BEGIN Dataset section

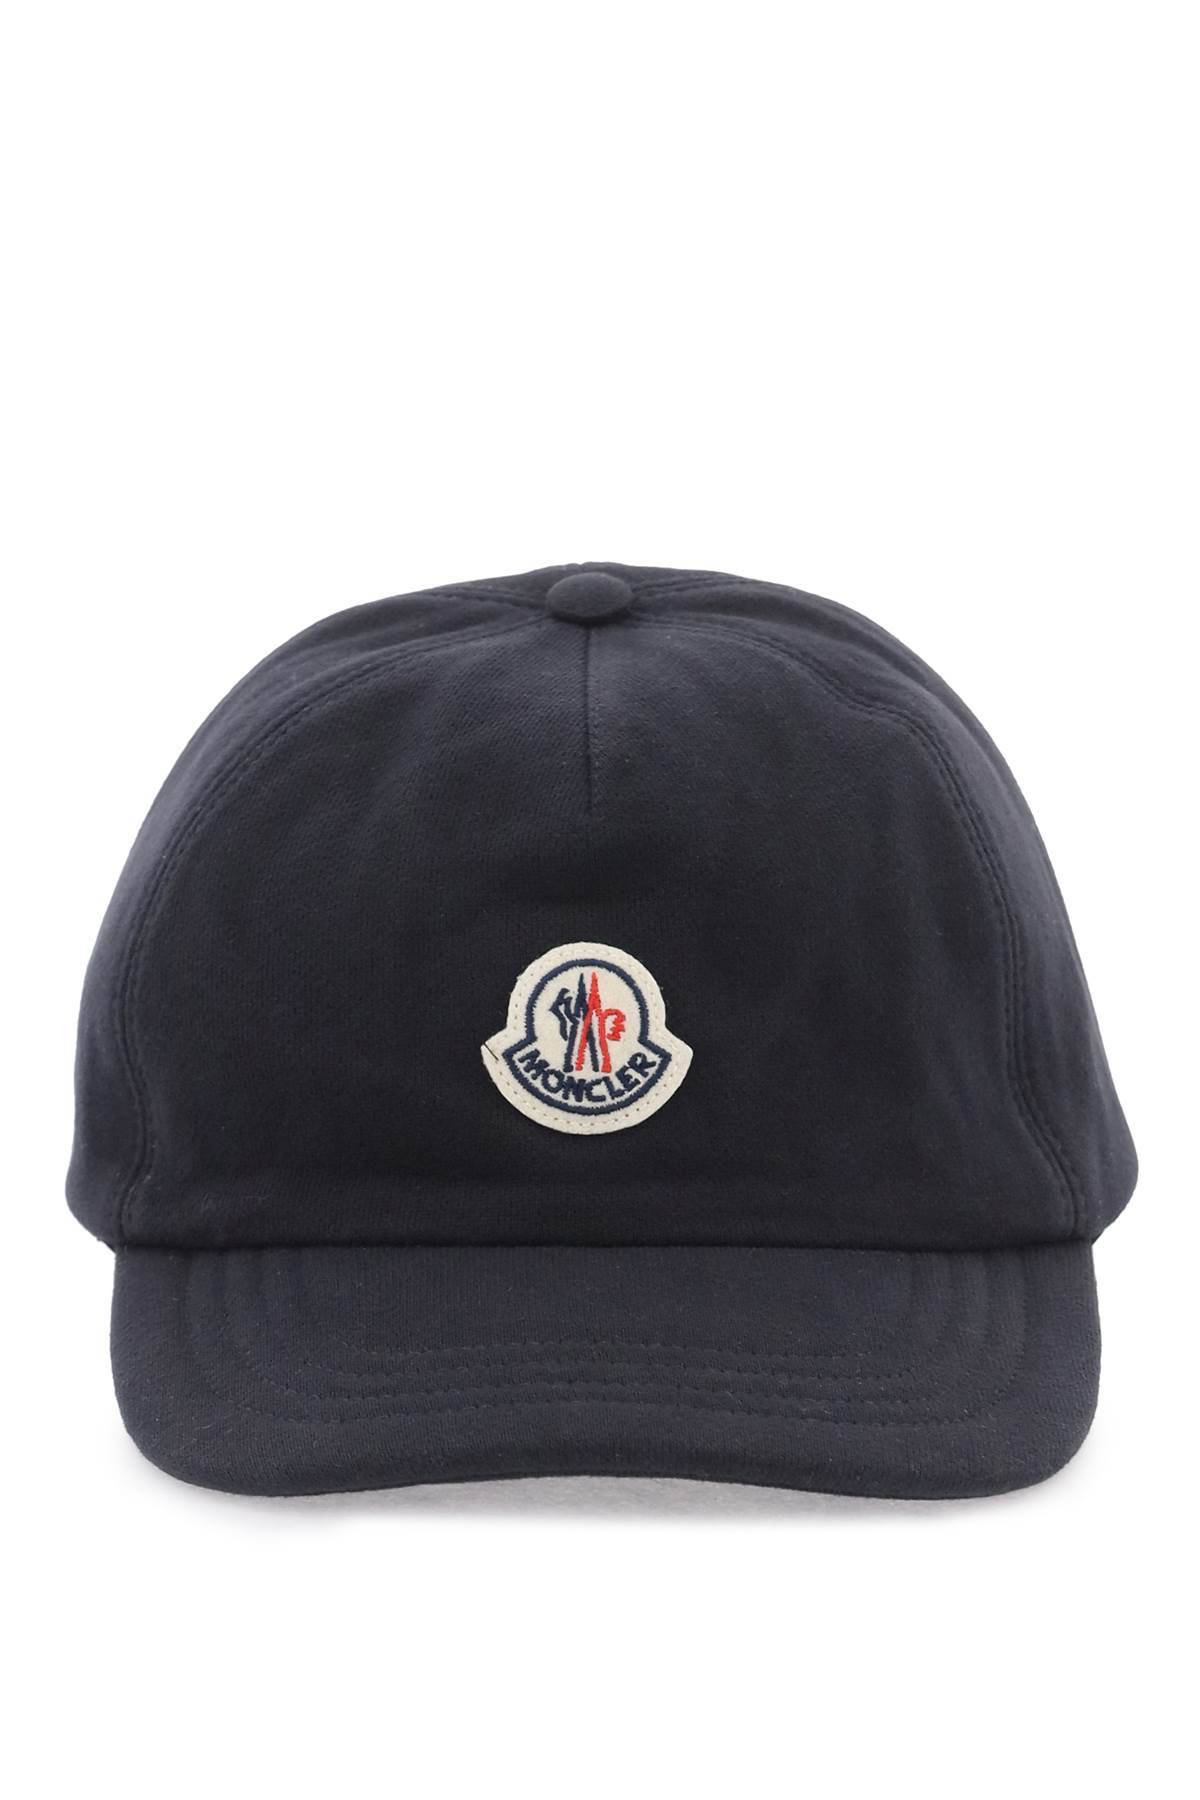 Moncler MONCLER baseball cap made of jersey
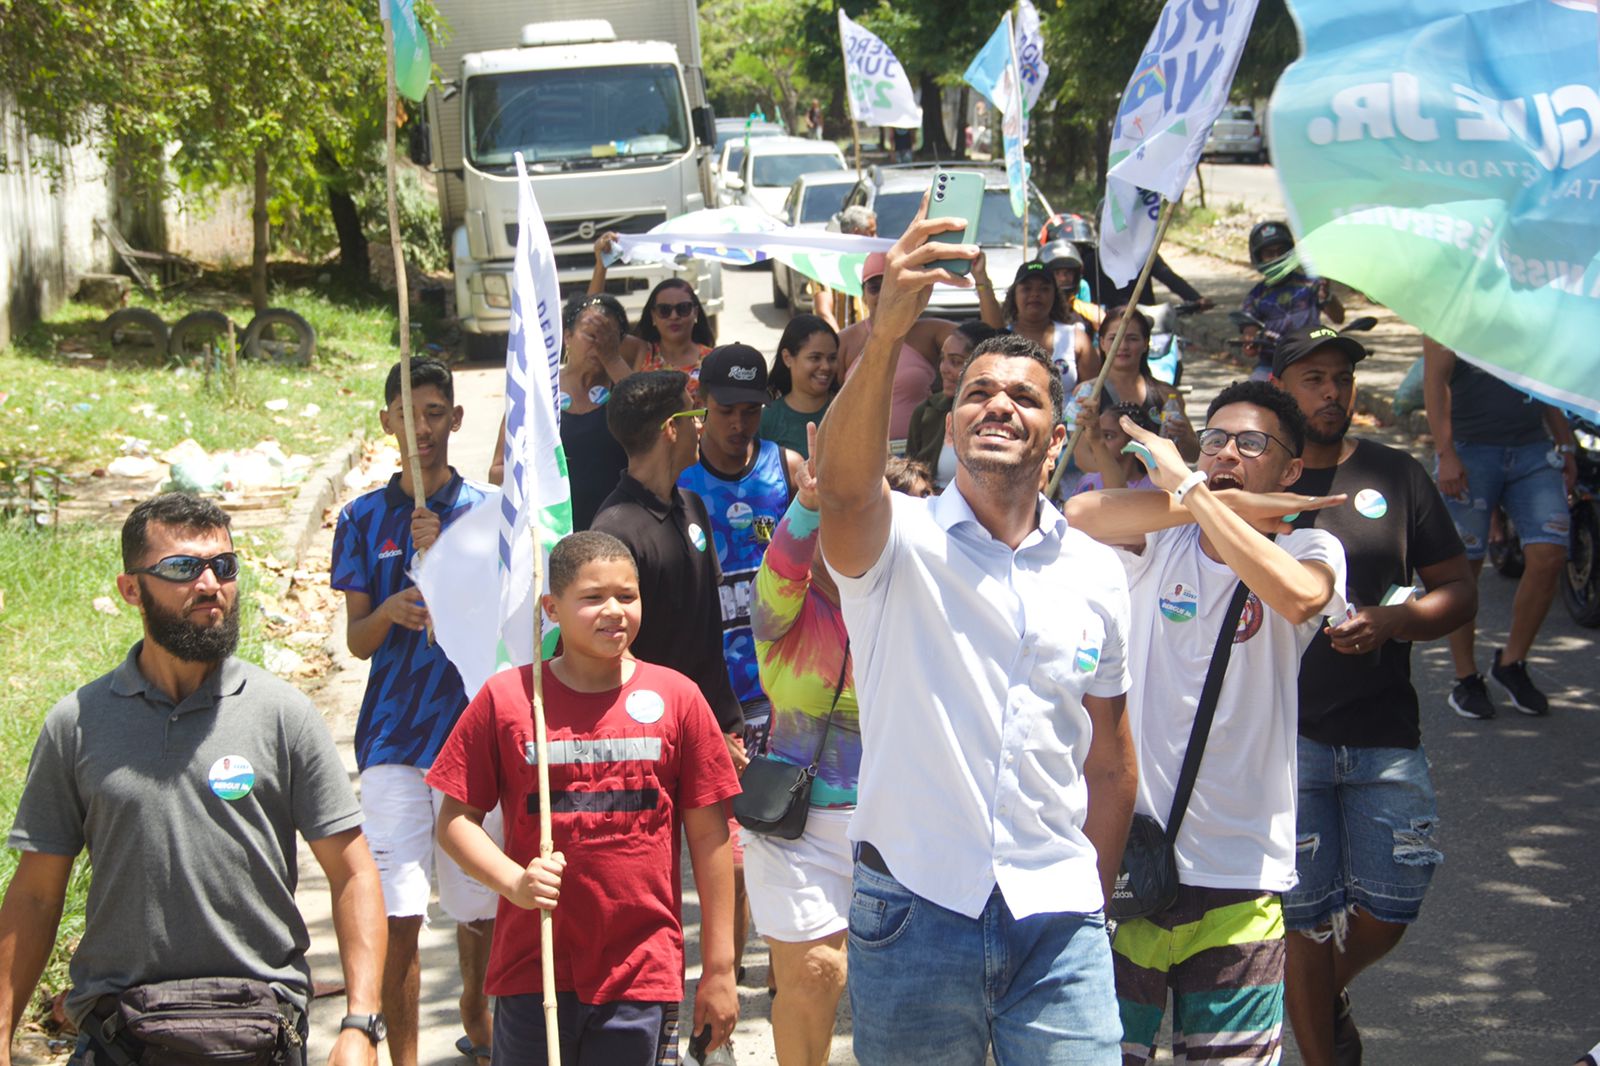 Bergue Junior realiza sua caminhada da vitória e reúne apoiadores na Macaxeira
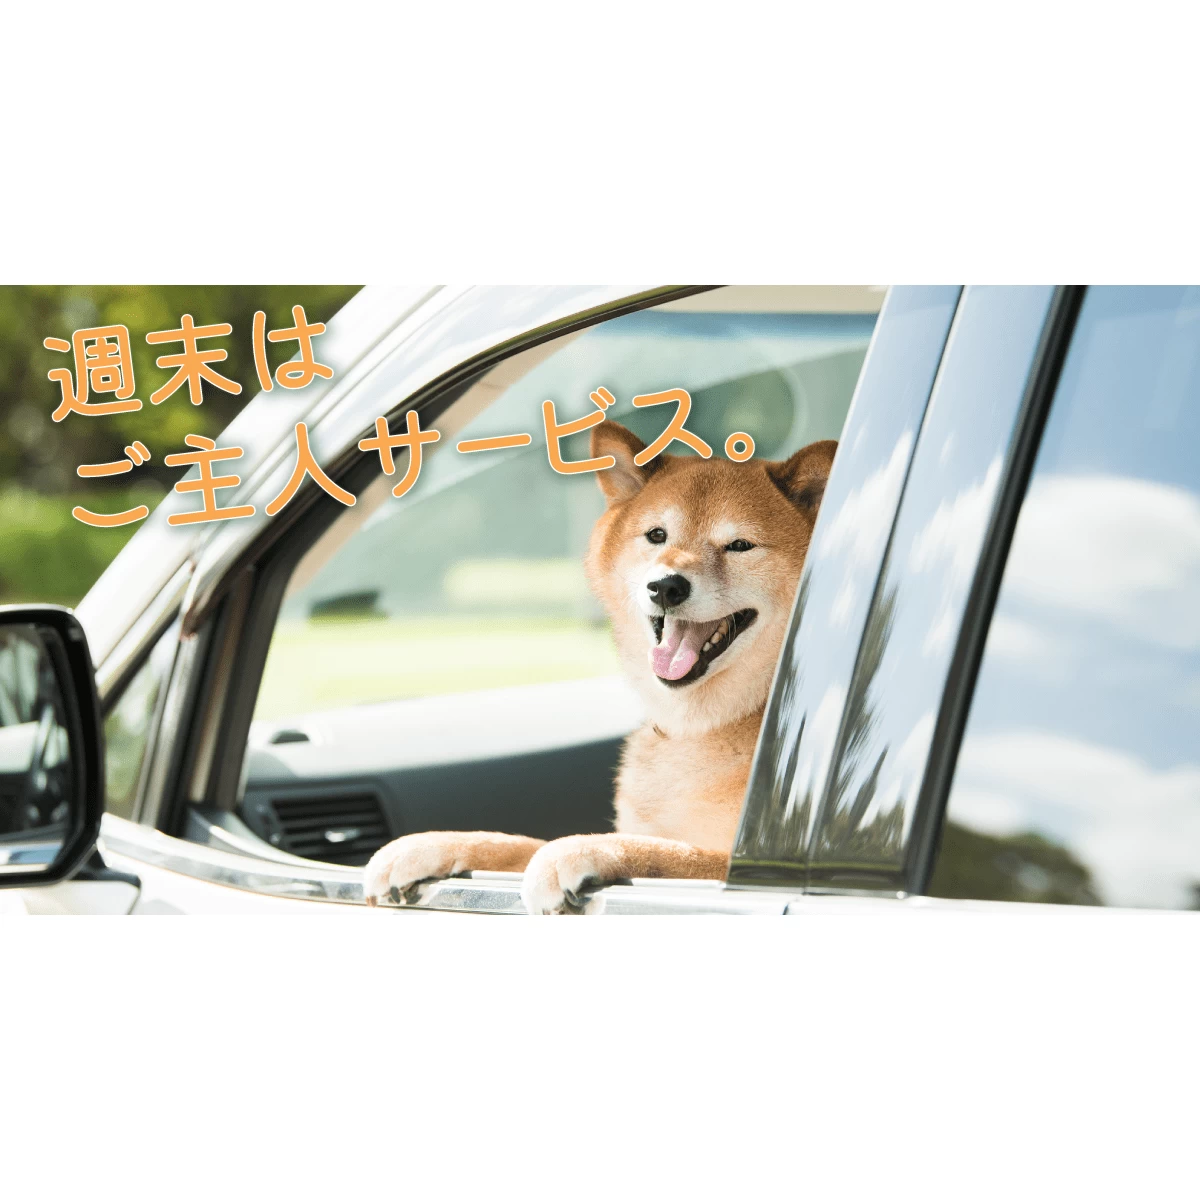 愛犬を連れて静岡観光 絶景を巡る日帰り旅行 みんなの旅プラン 旅色 旅行プランは旅色で
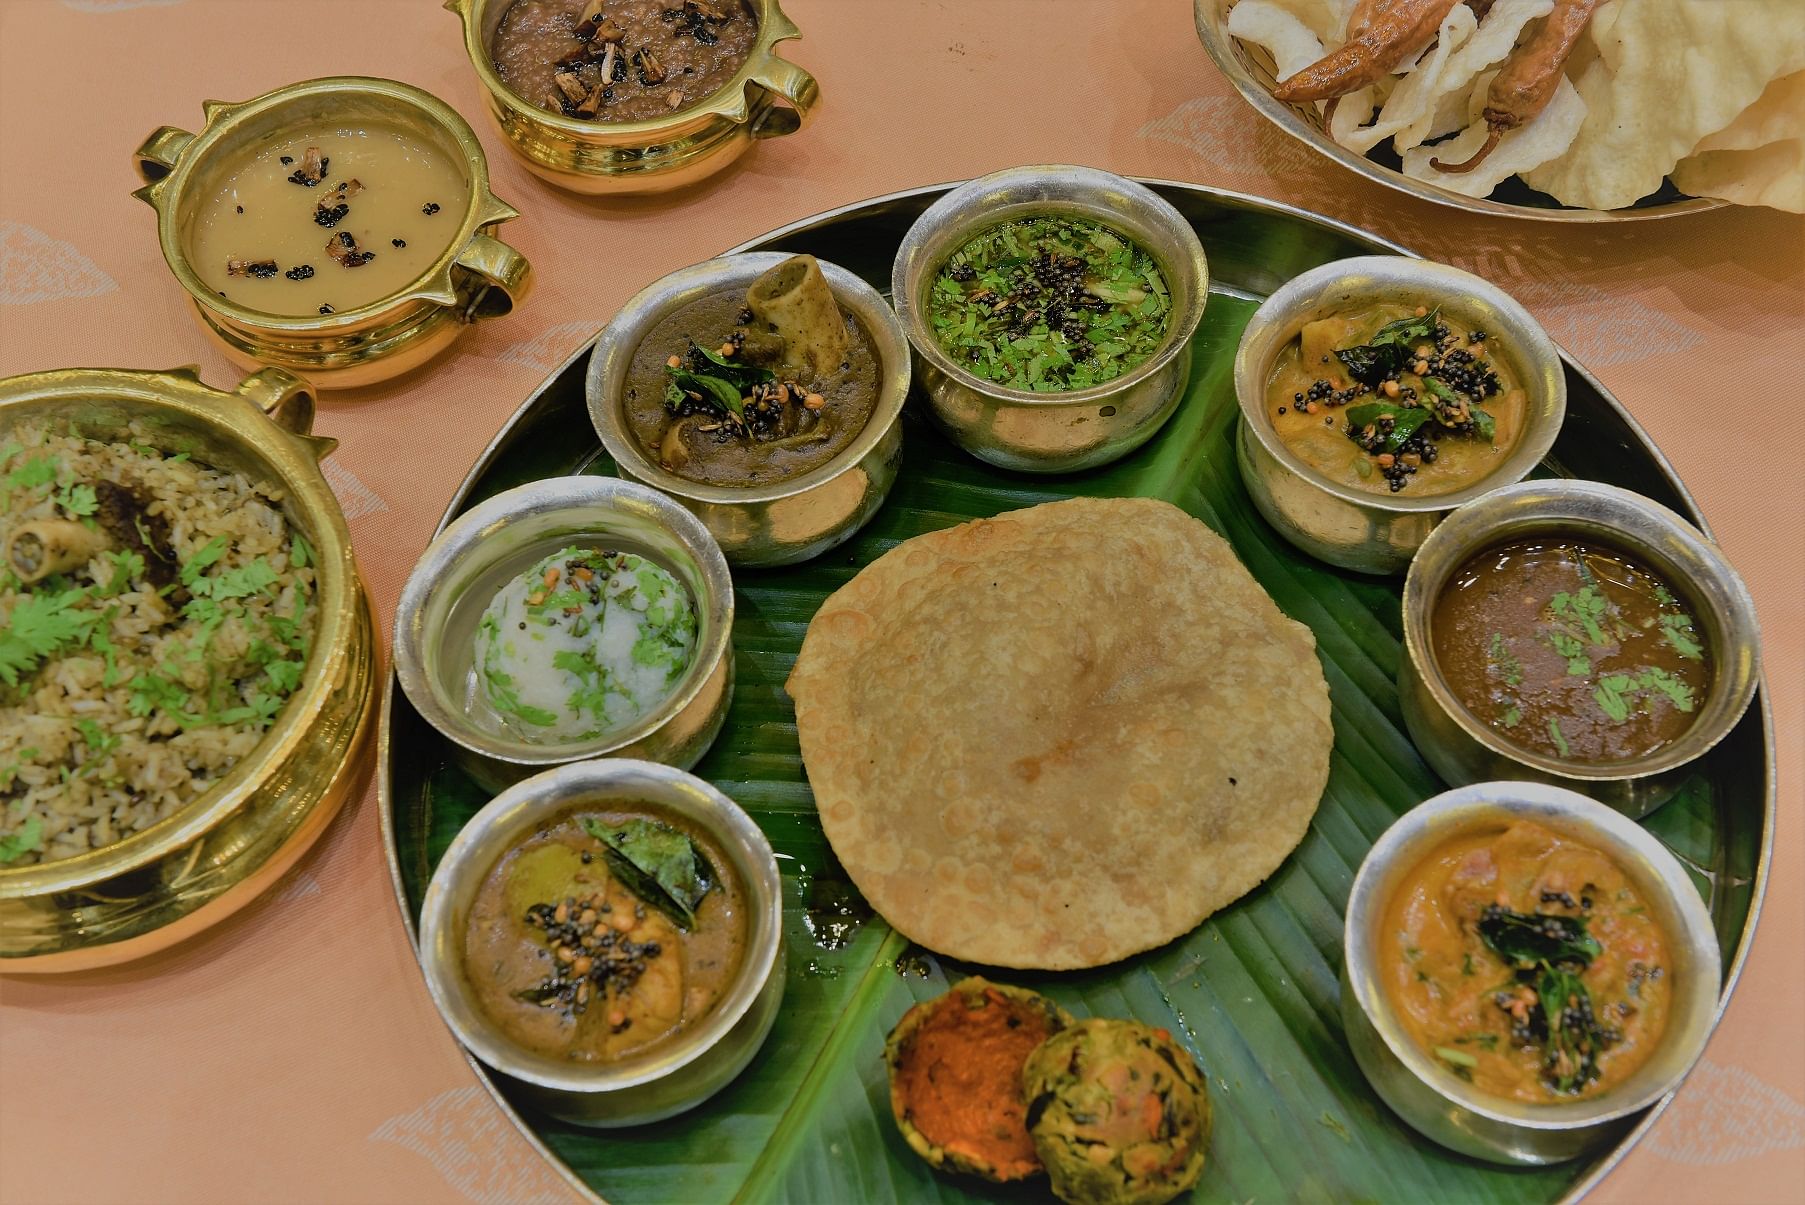 The dishes explored food from the Cholas, Vijayanagar, Sethupati and Kakatiya dynasties.

END Dataset section

▶ What to do
Recopy the full listing exactly, passing over any picture.

▶ Your solution
 Moncler MONCLER baseball cap made of jersey
 Bergue Junior realiza sua caminhada da vitória e reúne apoiadores na Macaxeira
 愛犬を連れて静岡観光 絶景を巡る日帰り旅行 みんなの旅プラン 旅色 旅行プランは旅色で
 The dishes explored food from the Cholas, Vijayanagar, Sethupati and Kakatiya dynasties.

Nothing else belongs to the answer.